There is a legitimate, respected and I think as old as the country, culture of gun ownership in America.  My dad was a hunter.  My dad had a gun case full of some fairly valuable weapons.  It’s a legitimate and respected tradition

I agree with all of the statements that the Vice President states.  Every last one.  What I disagree with Vice President on are his conclusions about these facts.  Namely that “gun culture” in America is not part of the “gun problem”.  That somehow the merit of a particular facet of our society should  be judged on how long it has been around and how tightly woven it has become in our lives.  To that point here are few examples of why that line of thinking is unfounded:

  • For the the first 100+ years of of our nations history many parts of society had a deep tradition of slavery.  In fact, it constituted an entire industry and was the backbone of the Southern economic infrastructure.  But it was wrong.  We came to that conclusion, only just before Cuba did.  Coming in almost dead last in that realization.  It cost 500,000 lives to uproot that tradition.
  • In the not so distant past, smoking public was completely unrestricted in American society.  Smoking was an activity that was glamorized by Hollywood and propagandized by the Tobacco industry.  It was as American as apple pie.  But once the scientific data began to mount and the practices of industry were exposed that “tradition” also succumbed to clearer thinking.  Today, you are hard pressed to find a public establishment that is permitted to allow smoking in their establishment. 
  • Finally, I come to a popular topic of the conservative minded.  The Right would argue that the ills and misfortunes of the inner cities and minority communities are not the fault of the government but instead can be attributed to a culture of dependency and violence.  It might come as a surprise but I actually agree, at least in part.  Generally speaking, if your society embraces and glorifies gangs, teen promiscuity, drug use and a lack or personal responsibility you cannot legitimately blame all of your misfortune on the rest of society.  The problem of the inner city will never be fully resolved until a light is shone back on the community.

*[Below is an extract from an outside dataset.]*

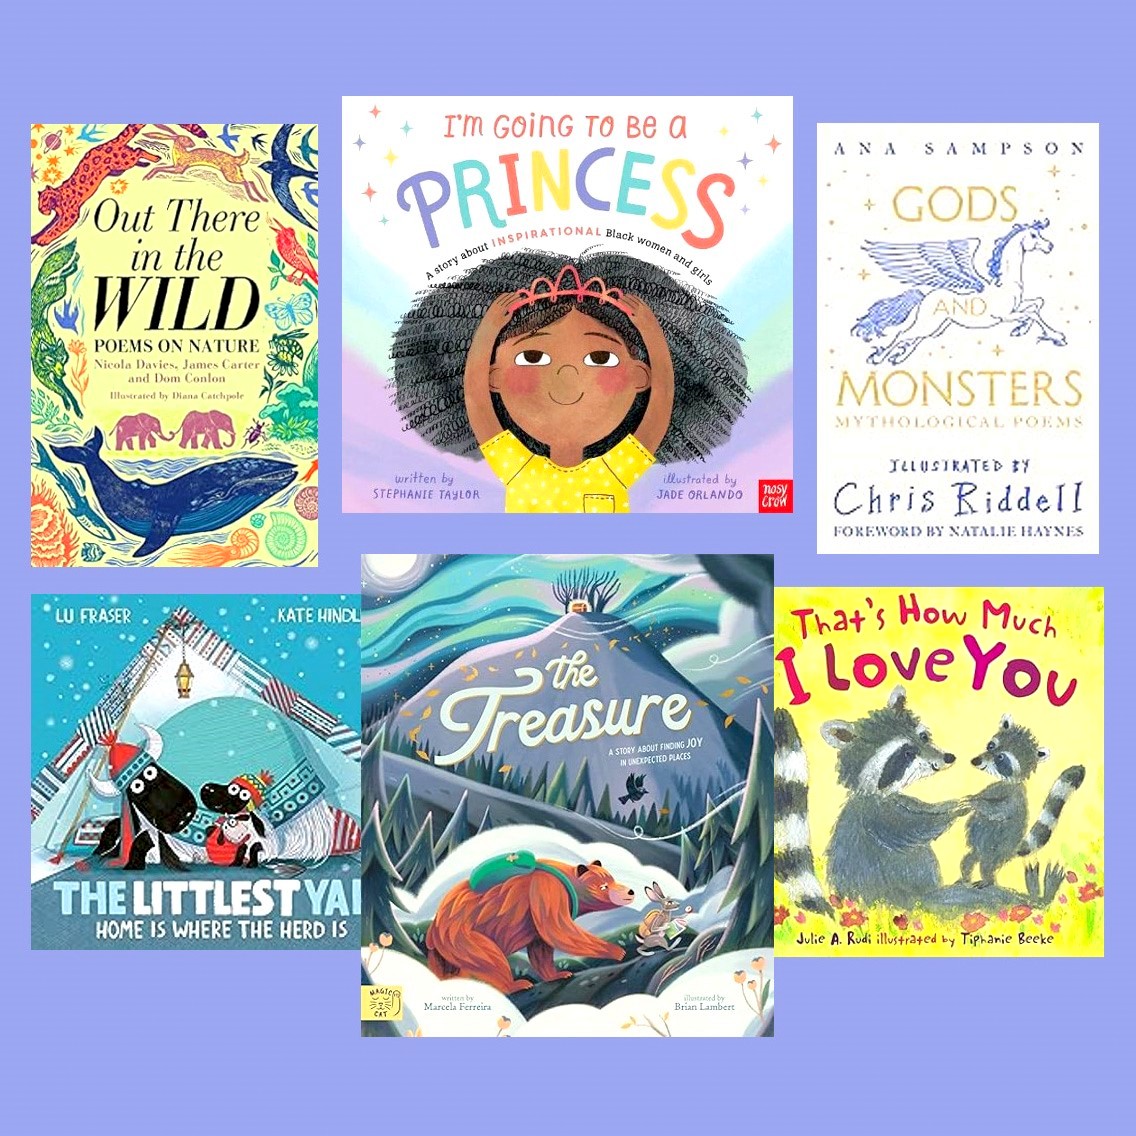 So many beautiful books are being published today – here are just a few of them. Huge congratulations and happy book birthday everyone! #PublicationDay #BookBirthday #newbooks #PictureBooks #PoetryBooks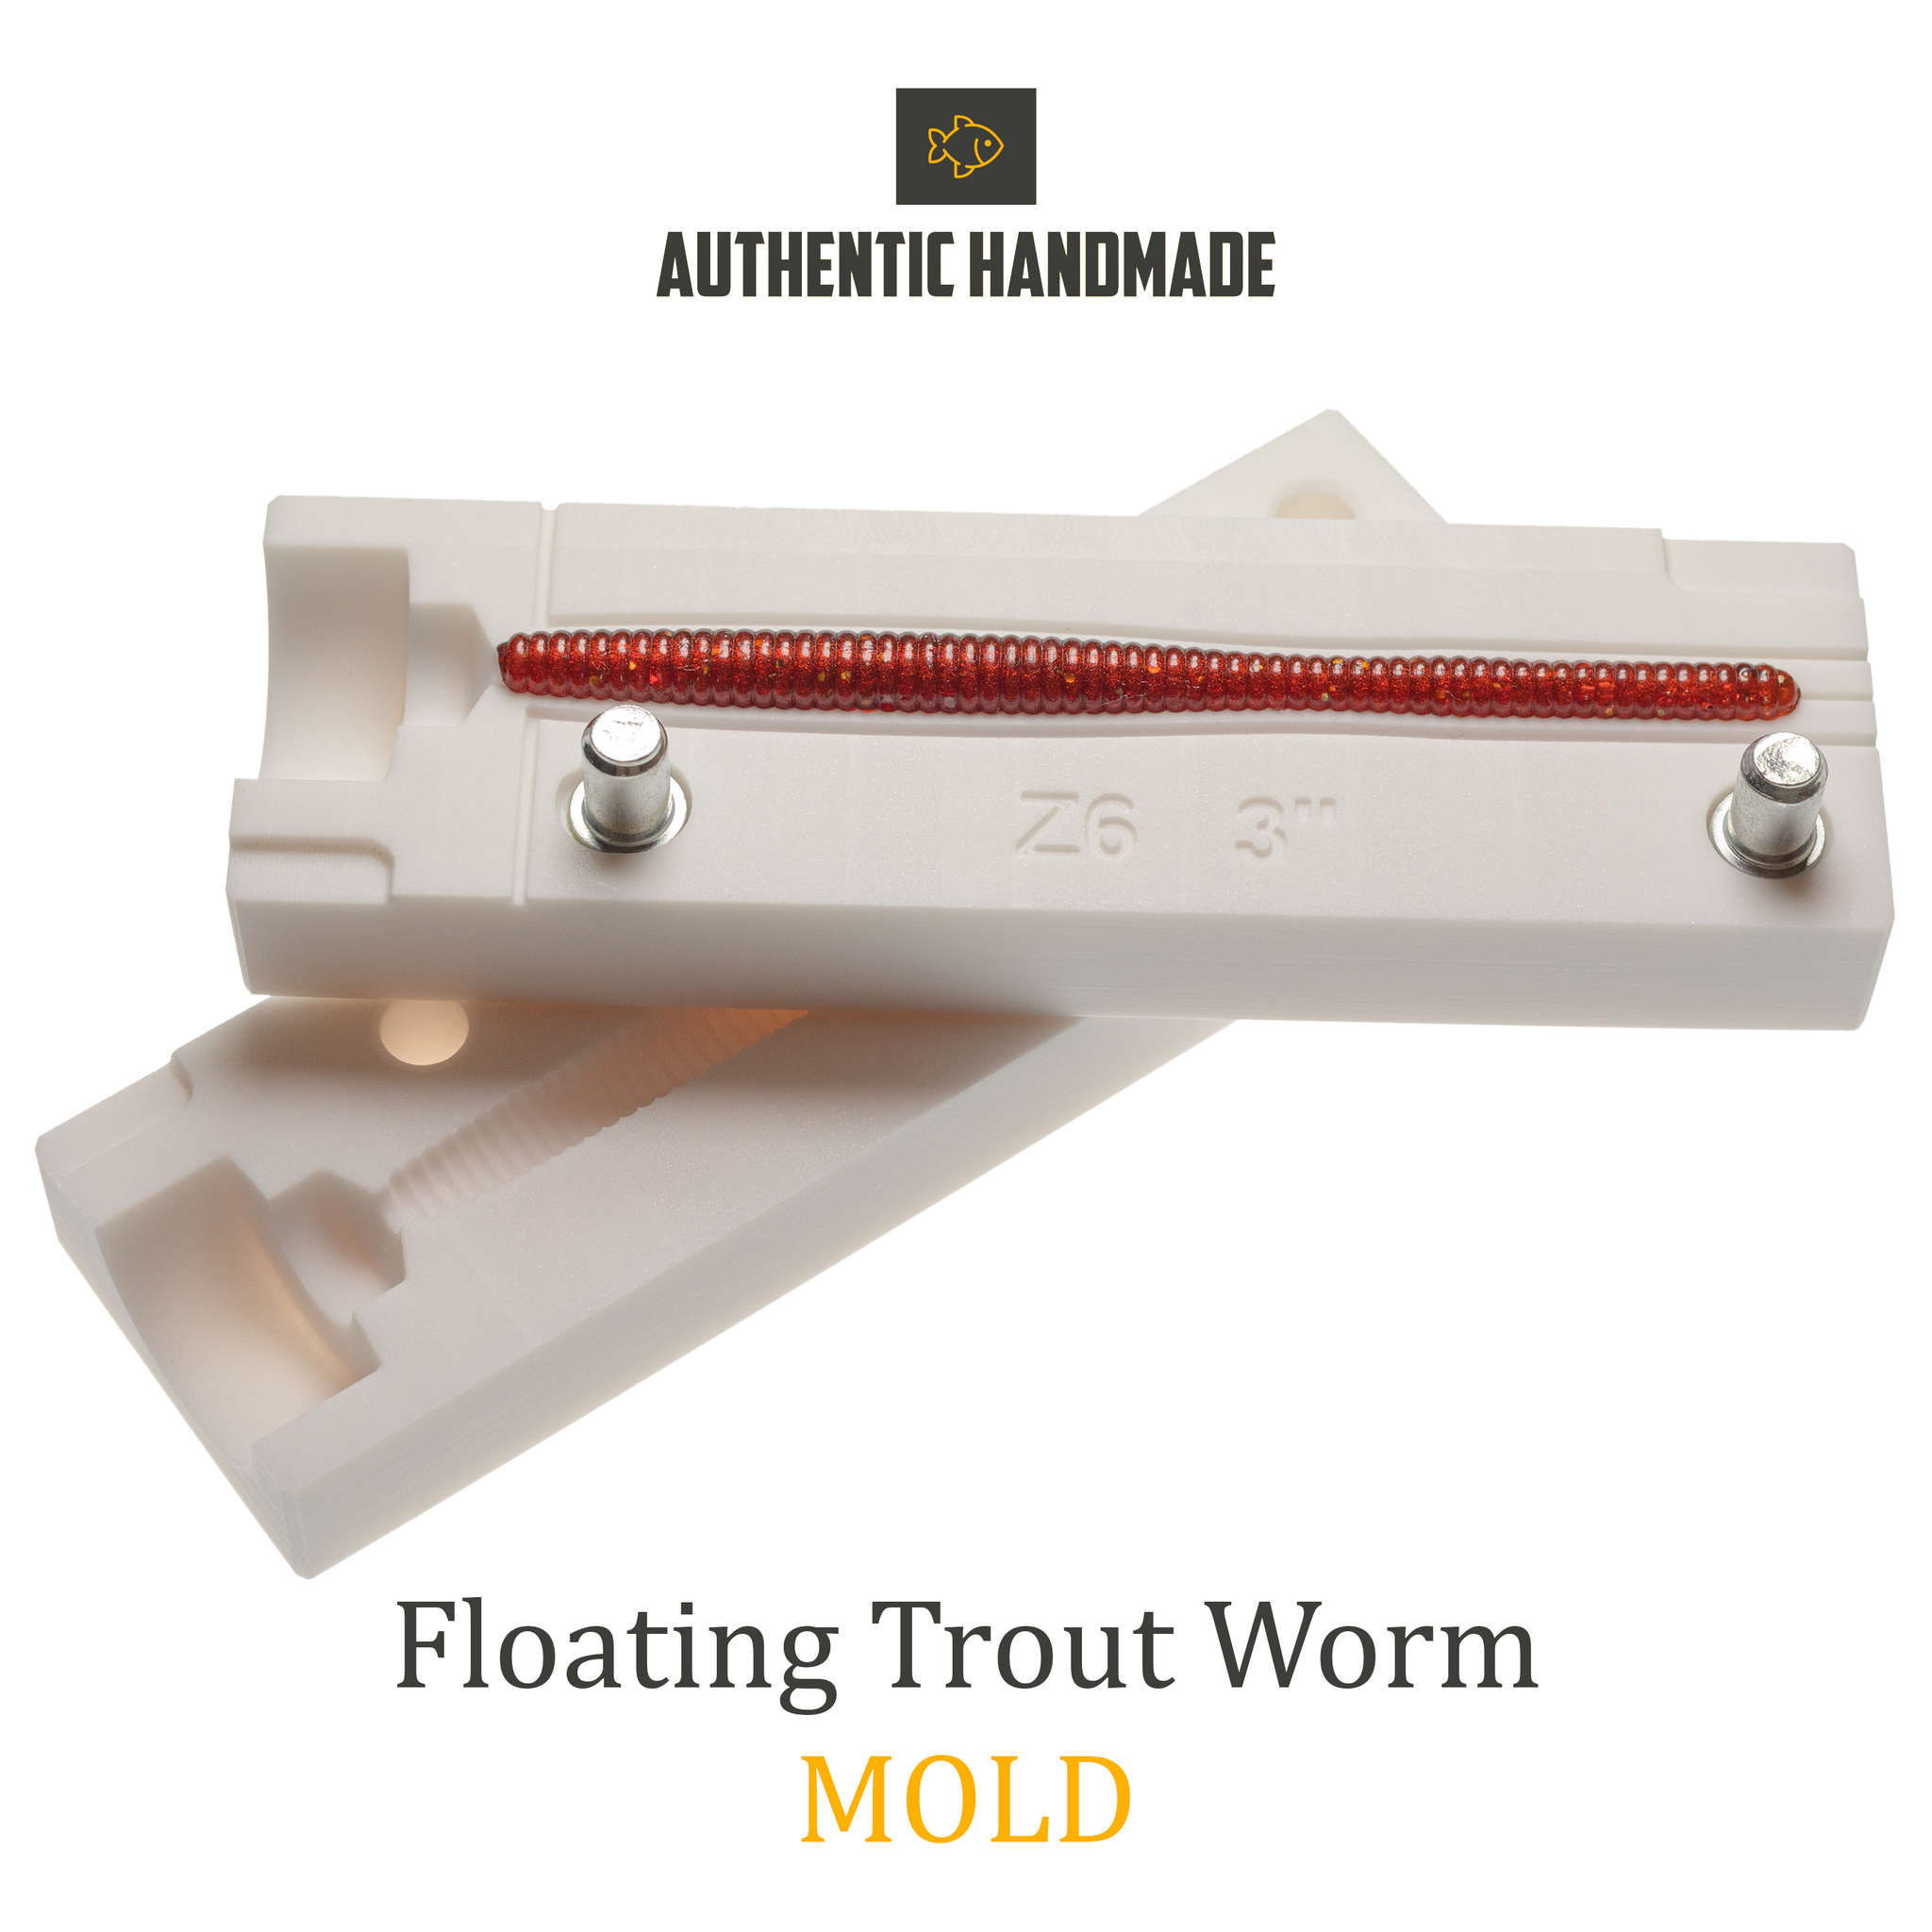 Floating Trout Worm Soft Plastic Bait Mold DIY Lure – Authentic Handmade

We cannot dismiss a particular aspect of a problem just because it’s part of a long and widely held tradition.  We, as Americans, need to stop defending everything that we are and everything we do as sacrosanct.  As though, if we came up with it, there could be no wrong to come from it.  We need to have the humility and, dare I say, courage to look within ourselves and examine our motivations.  I am not advocating a repeal of the 2nd Amendment.  I am advocating that a real honest debate and examination of American gun culture begin in earnest.